4 — De l’impératif de l’interprétation mémorielle et de la capacité de projection

Sur l’interprétation mémorielle,

Des sujets comme l’esclavage, la colonisation, ou l’ingérence française en Afrique revêtent encore des décennies, et parfois siècles après, un caractère sensible. Ils doivent à cet égard dans le cadre même de l’enseignement de l’histoire faire l’objet d’échanges, de discussions, et de débats. Ce sont des sujets trop complexes, et trop importants pour que l’on laisse à la seule charge des jeunes esprits fragiles d’écoliers et de lycéens, la responsabilité se positionner dessus seuls. Il faut au contraire que ces points fassent l’objet de discussions collectives, passionnées et dépassionnés, sincères et responsables. Ma vision est qu’il faut en les abordant :

  • situer de manière sincère les responsabilités de part et d’autre dans les événements, parce qu’il y en a bien une de chaque côté, même quoiqu’incomparables
  • éviter à tout prix de vouloir refaire aujourd’hui le match d’une histoire blancs contre noirs ou arabes contre noirs. Cela ne sert à rien si ce n’est à nourrir la haine et les tensions, et nous rendre esclave du passé.
  • questionner les causes de ces faits en se replaçant dans les contextes d’époque, pour se demander quelles leçons en tirer pour le présent et l’avenir.

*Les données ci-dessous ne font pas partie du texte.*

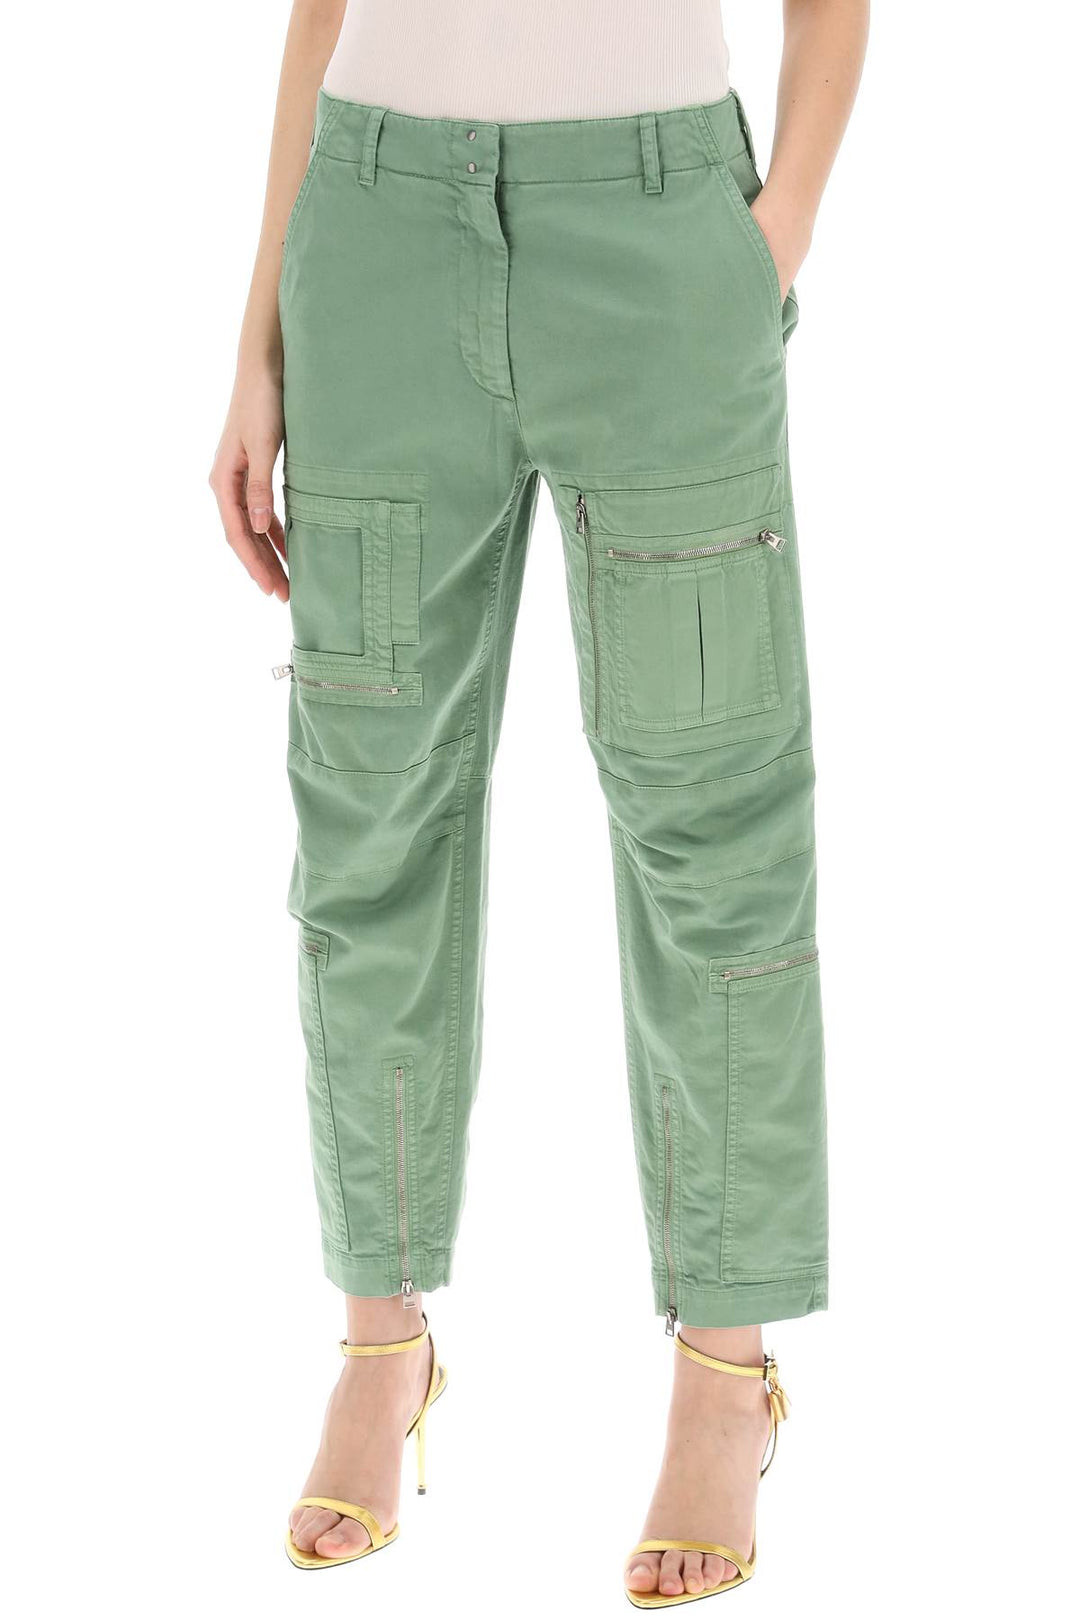 Tom Ford Tapered Cargo Pants   Verde

Sur la capacité de projection

A mon sens, l’enseignement de l’histoire est incomplet tant qu’elle ne fait pas des récits passés des instruments d’ambition et de vision d’avenir. Deux enfants élevés l’un entendant quotidiennement que le monde lui appartient, et l’autre en entendant qu’il doit y trouver sa place ne partent pas avec les mêmes capacités dans la vie, même à moyens matériels égaux. Le cap le plus difficile à franchir dans un projet, c’est de se résoudre psychologiquement à le réaliser et se montrer déterminé. L’histoire a le pouvoir de faire de nos enfants, des personnes qui osent, croient en eux et en un destin brillant, ou des jeunes timides, peu ambitieux, se satisfaisant de la place que le monde voudra bien leur laisser. En nous mettons face à la bravoure, au génie, à la force, à la créativité, et à l’exceptionnel passé dont nous sommes les fruits, nous africains, ne pourront nous rêver qu’en conquérants et en vainqueurs. Et la banalité de ce principe n’enlève RIEN à sa véracité. Les Etats-Unis nous en font preuve chaque jour. Le fameux storytelling à l’américaine est une pure fabrique à champions. Il faut donc qu’au delà de l’interprétation mémorielle, l’héritage historique permette aux apprenants de se questionner comme individu, de questionner la société dans laquelle ils vivent, et de se construire une vision d’avenir décomplexée et ambitieuse. Pour eux-mêmes d’abord, pour leur pays ensuite, et pour le continent enfin.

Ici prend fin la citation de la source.